▶ **Assigned task**: Without the pictures, retype each line below exactly as it stands.

▶ **Data shown**:
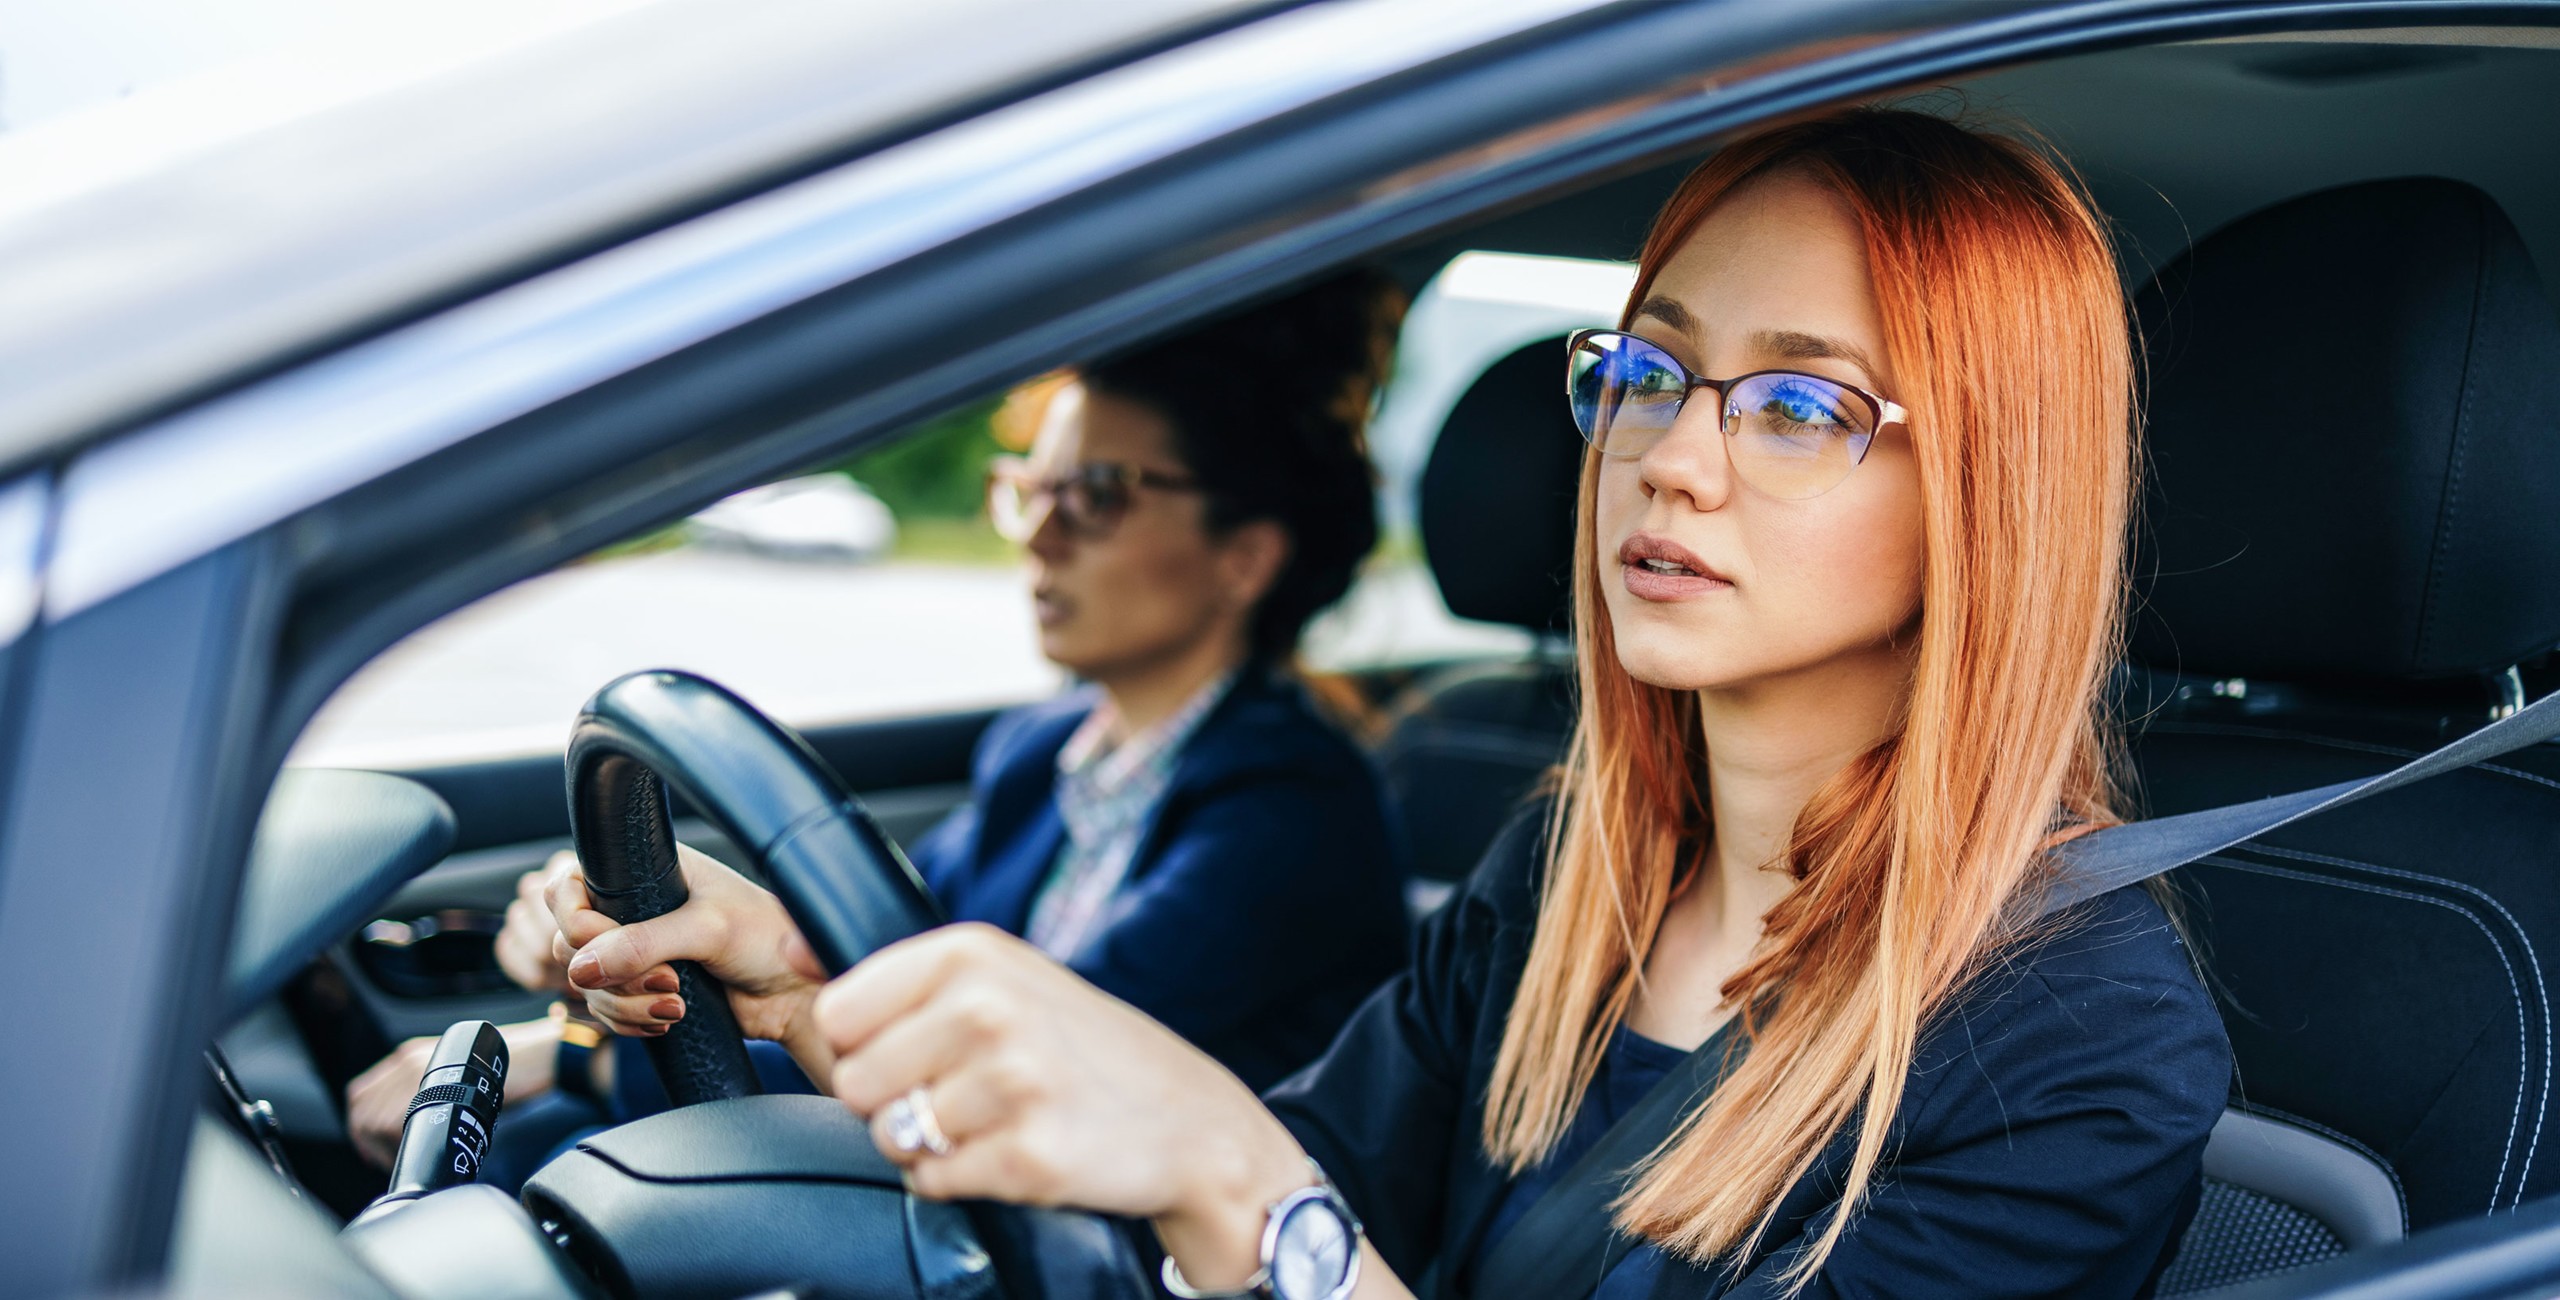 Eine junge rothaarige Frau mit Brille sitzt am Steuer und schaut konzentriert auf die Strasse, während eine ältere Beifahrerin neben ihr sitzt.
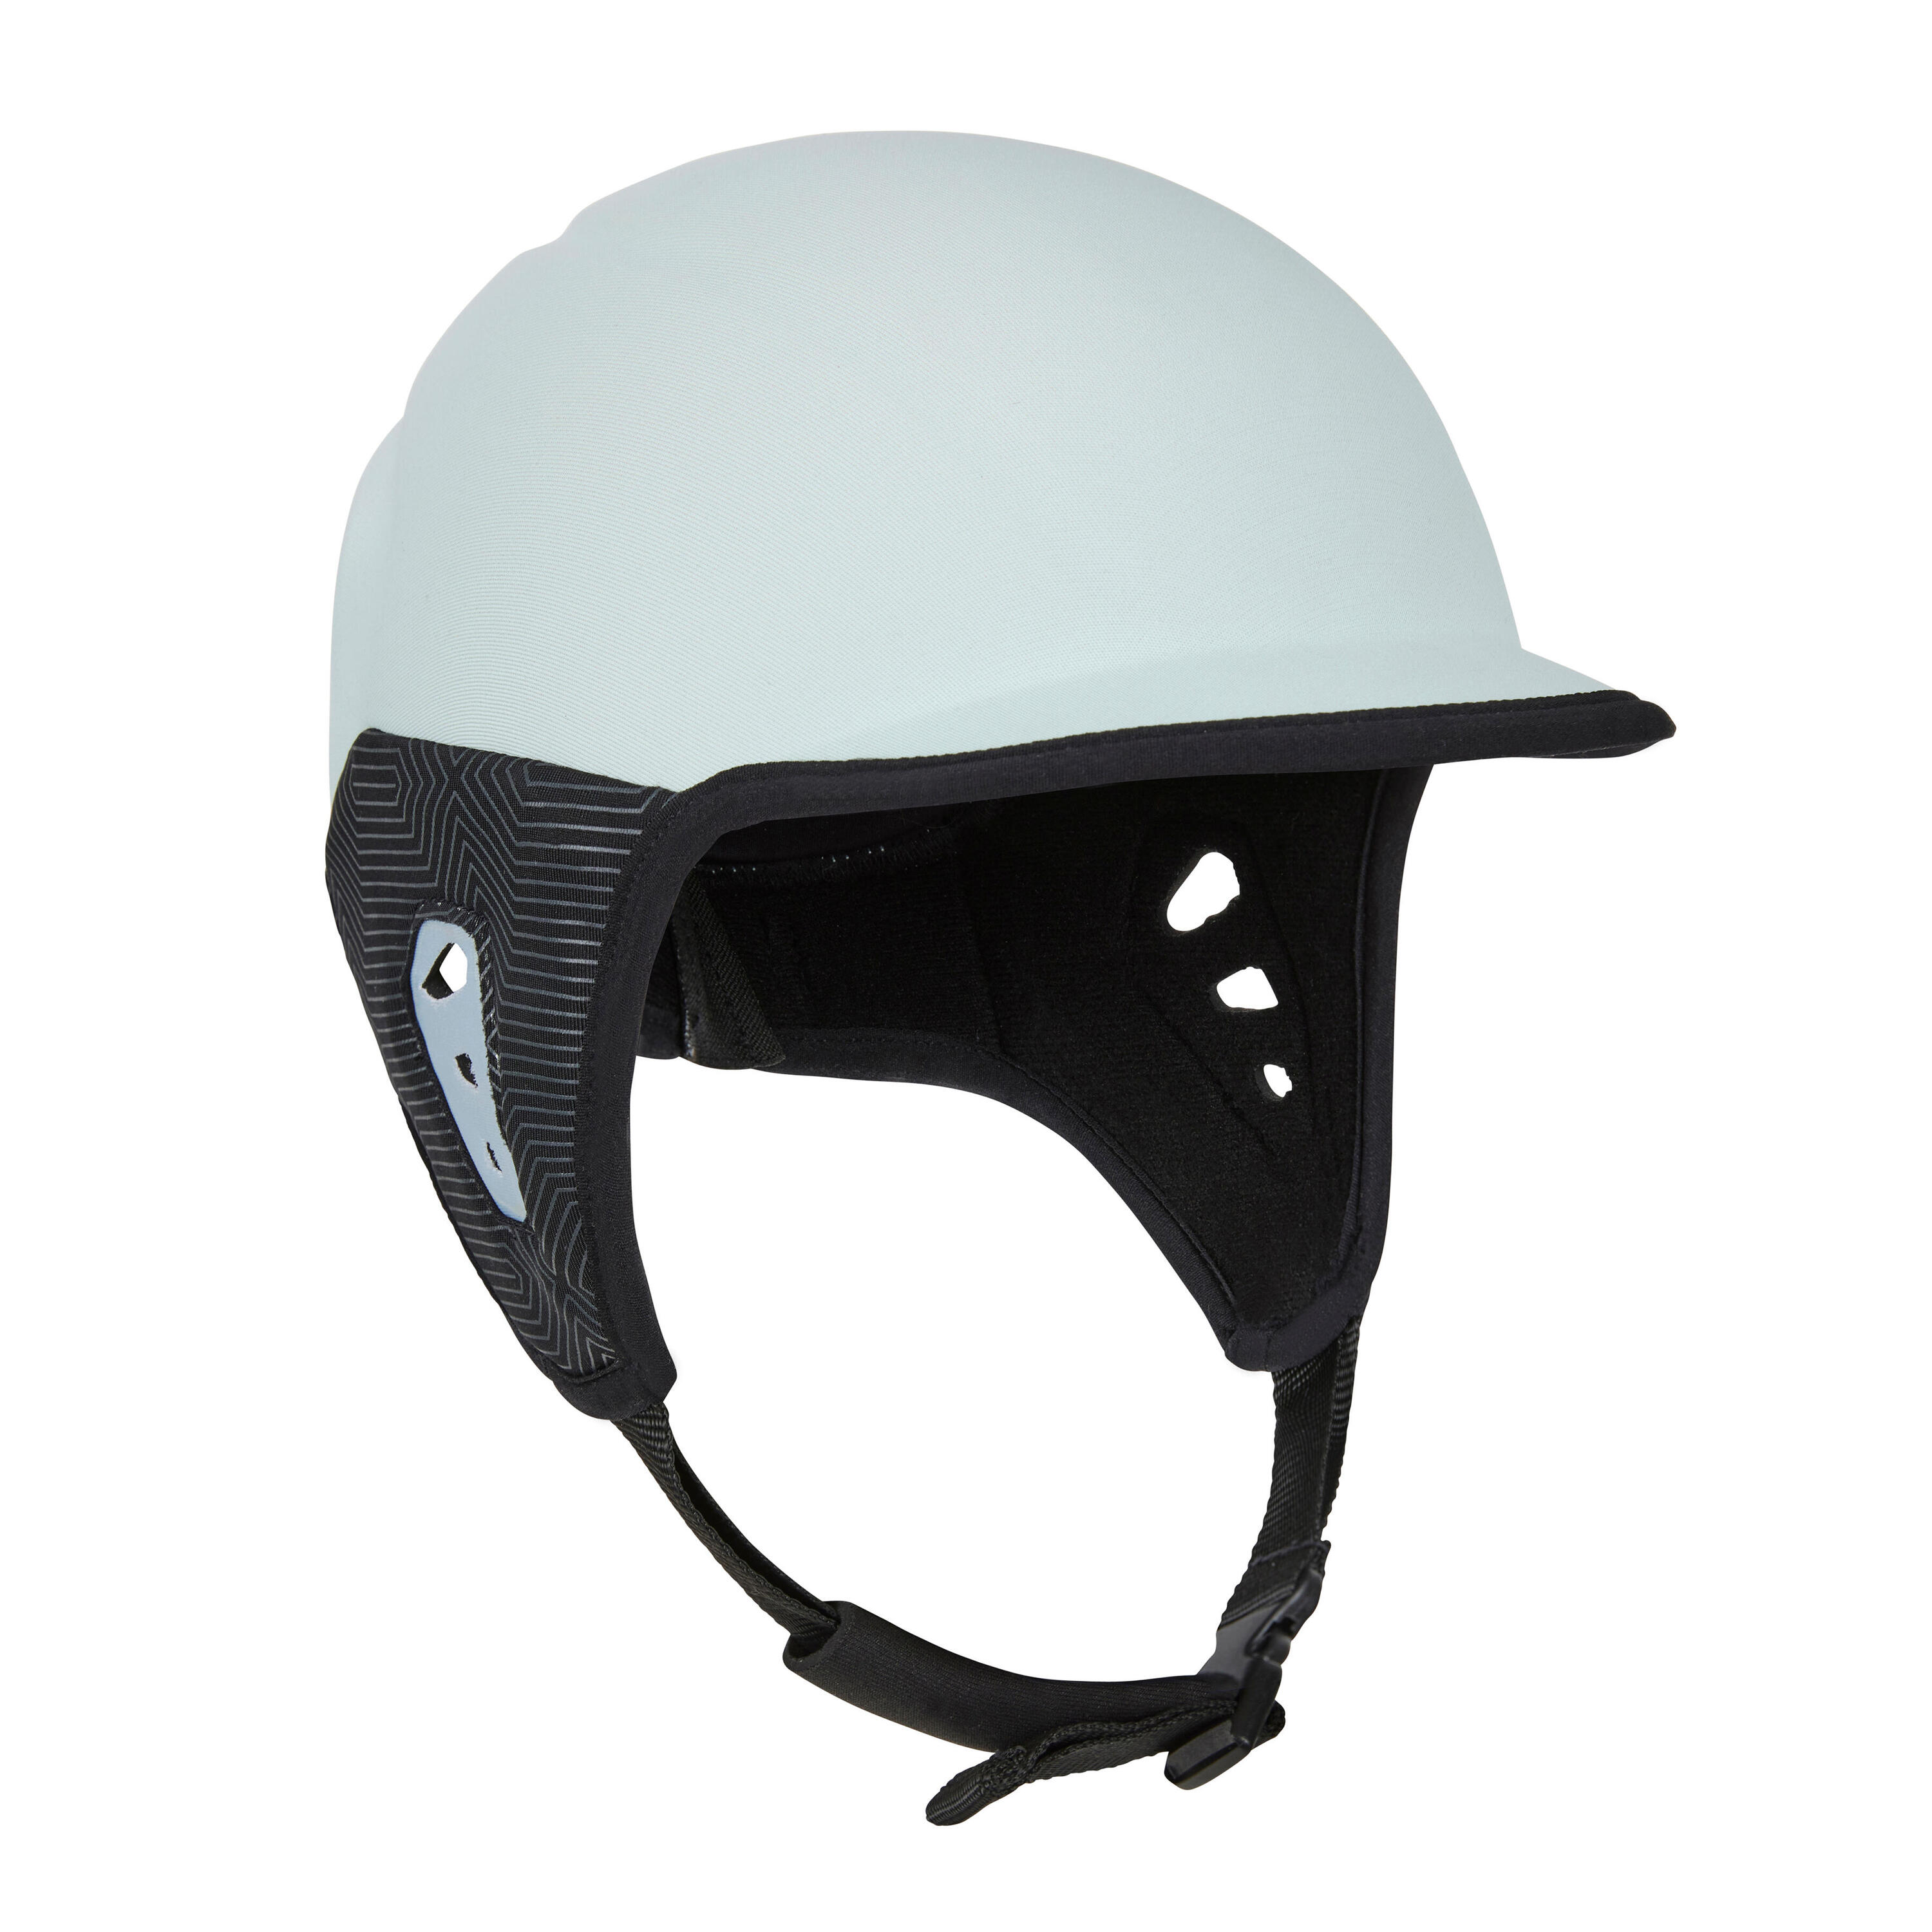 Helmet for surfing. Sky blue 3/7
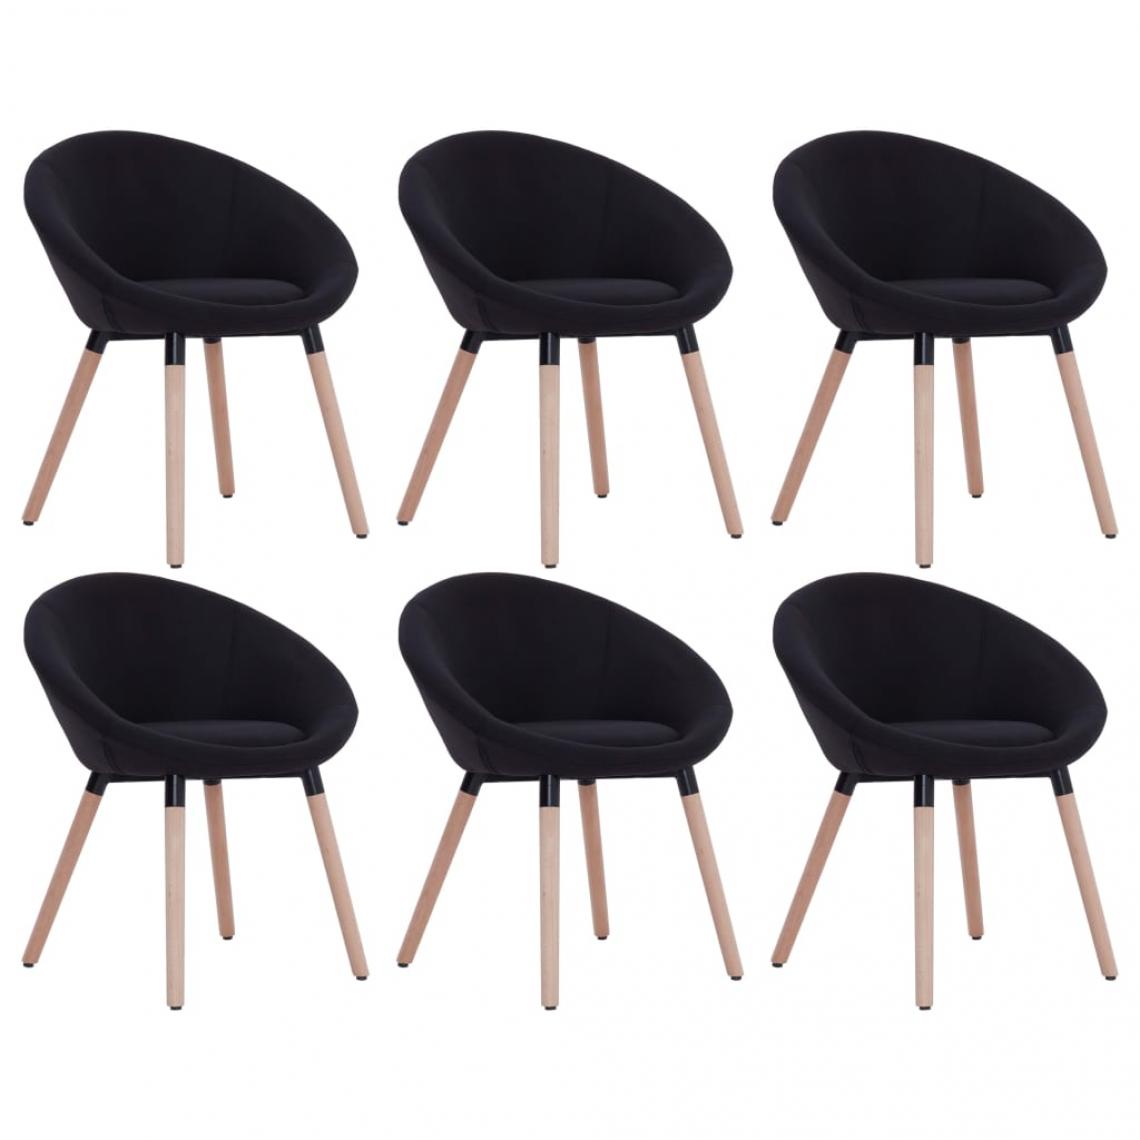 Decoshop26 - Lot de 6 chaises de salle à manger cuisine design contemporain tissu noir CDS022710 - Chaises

▶ **Solution for this task**:
 Eine junge rothaarige Frau mit Brille sitzt am Steuer und schaut konzentriert auf die Strasse, während eine ältere Beifahrerin neben ihr sitzt.
 Helmet for surfing. Sky blue 3/7
 Decoshop26 - Lot de 6 chaises de salle à manger cuisine design contemporain tissu noir CDS022710 - Chaises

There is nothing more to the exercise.